Forescout Cyber Roundup
January 4, 2019
The Forescout Cyber Roundup is a weekly blog series highlighting some of the previous week’s cyber headlines and explaining why they matter. Each article includes a closer look at the potential implications of the news or event, predictions about what might happen next and suggestions for all readers, from the C-suite to end users. Articles are ordered by date, not necessarily priority.
- NIST Resources are Unavailable (December 27, 2018)
- HHS Releases Best Practice Healthcare Cybersecurity Guidelines (December 31, 2018)
- Watch Out, Cyber Fraud Cases in Banks are Spiking (January 2, 2019)
- American Newspapers Hit by Cyberattack (January 2, 2019)
- Hacker Cyber-gang: Give Us Cyber-cash for Cyber-cache of 18,000 Stolen Sept 11th Insurance Docs
Summary: The latest government shutdown continues to make headlines. From empty agency office chairs and cinched budget purses to the closures of national parks, the Smithsonian and the National Zoo, the impact is widespread.
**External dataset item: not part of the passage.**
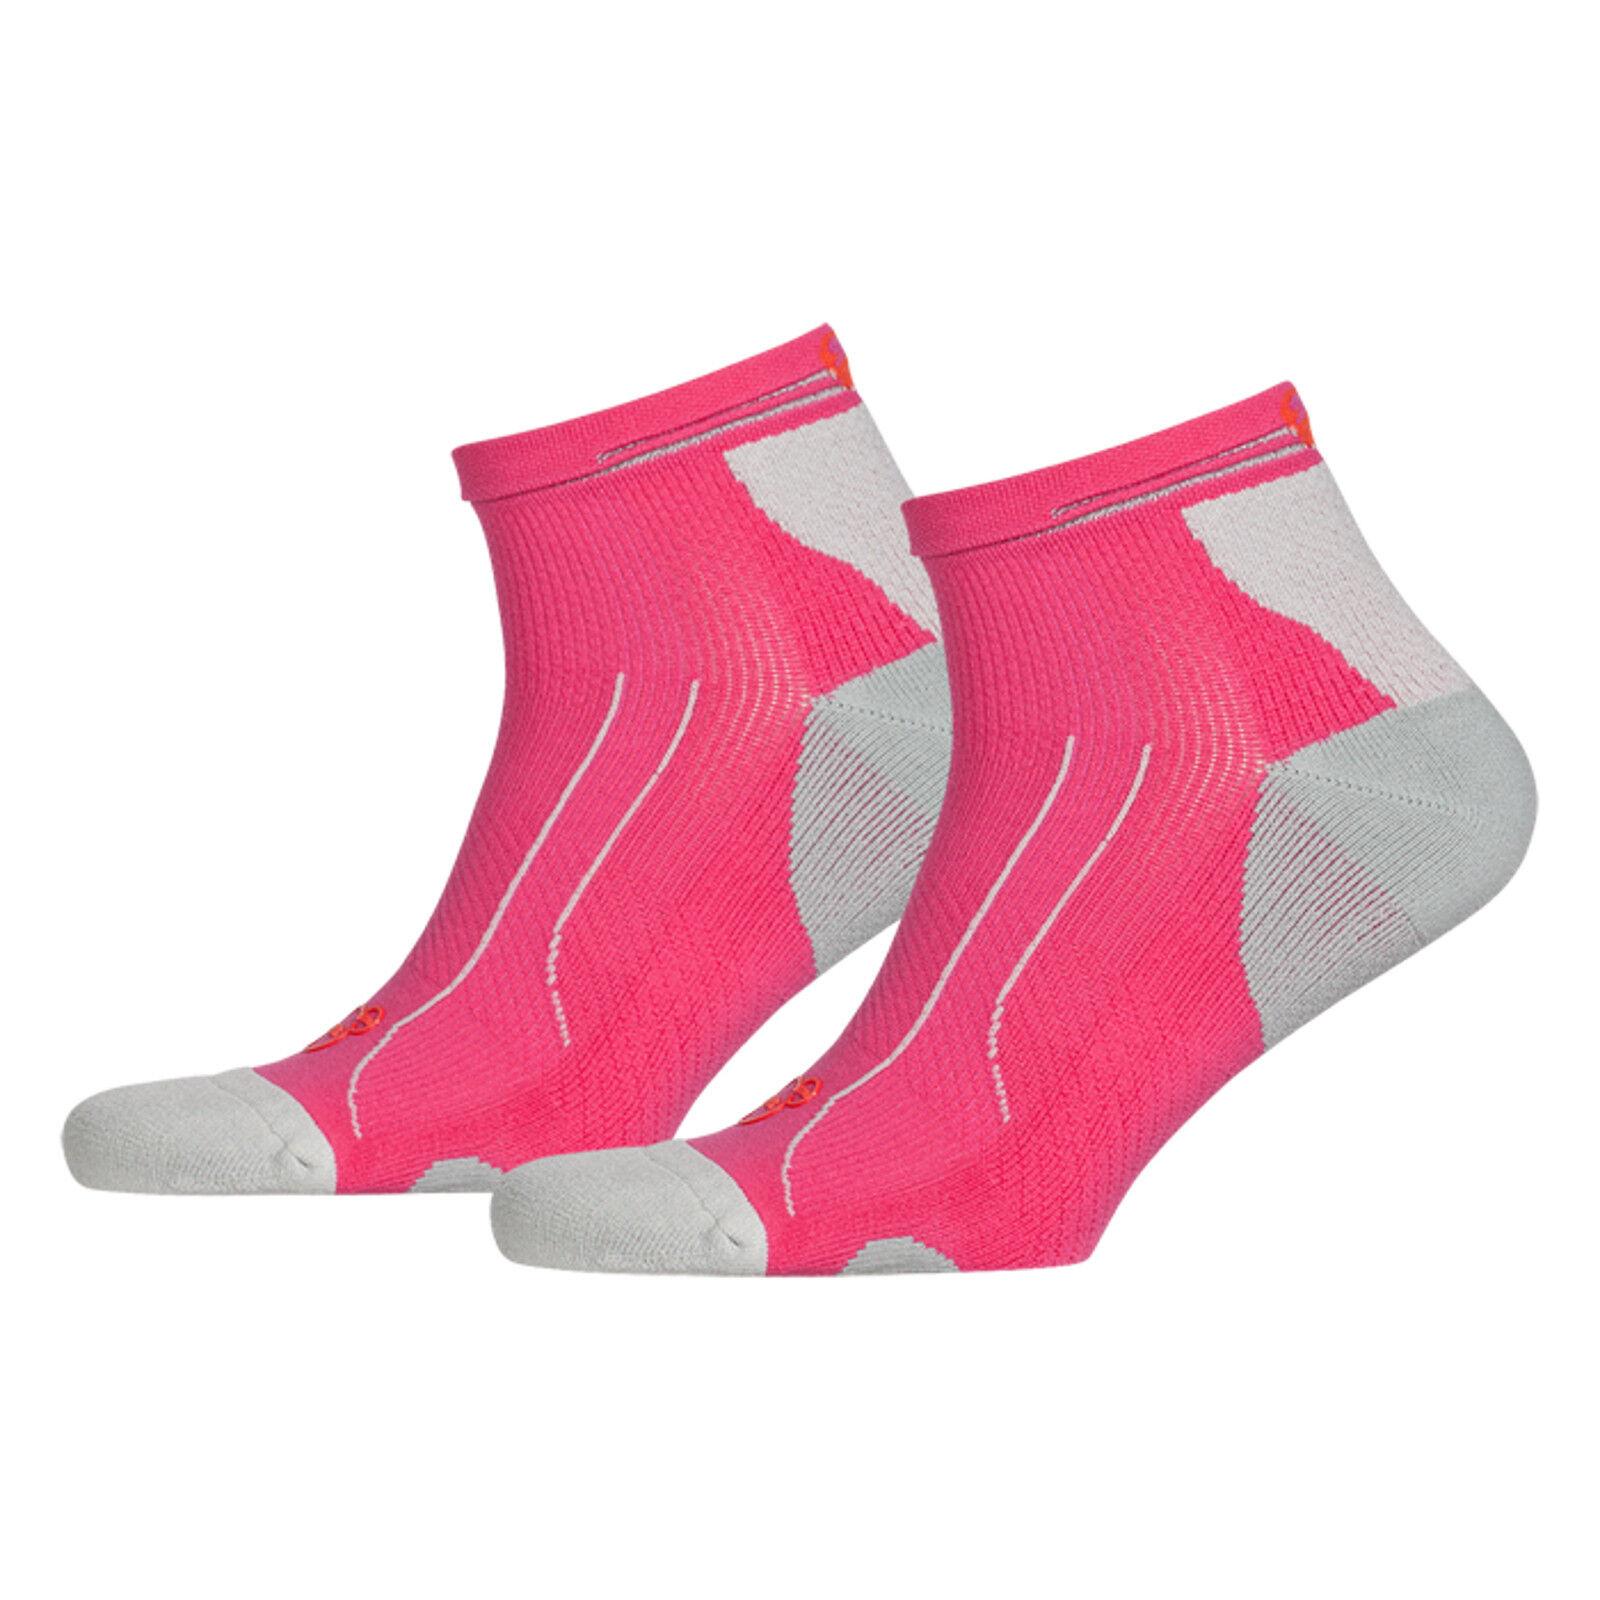 PUMA Sports Socks UK 2.5-5 Cell Light Quarter Performance Running 2 Pair Pack

Why it matters: Despite the headlines covering the shutdown, there hasn’t been much said about the fact that The National Institute of Standards and Technology (NIST) Computer Security Resource Center (CSRC) is currently unavailable due to the lapse in government funding, while other government sites such as justice.gov, state.gov and doi.gov—although not actively updated—are still online. The screenshot below shows the unavailable site; however, a post-shutdown query from archive.org does not indicate the site was offline.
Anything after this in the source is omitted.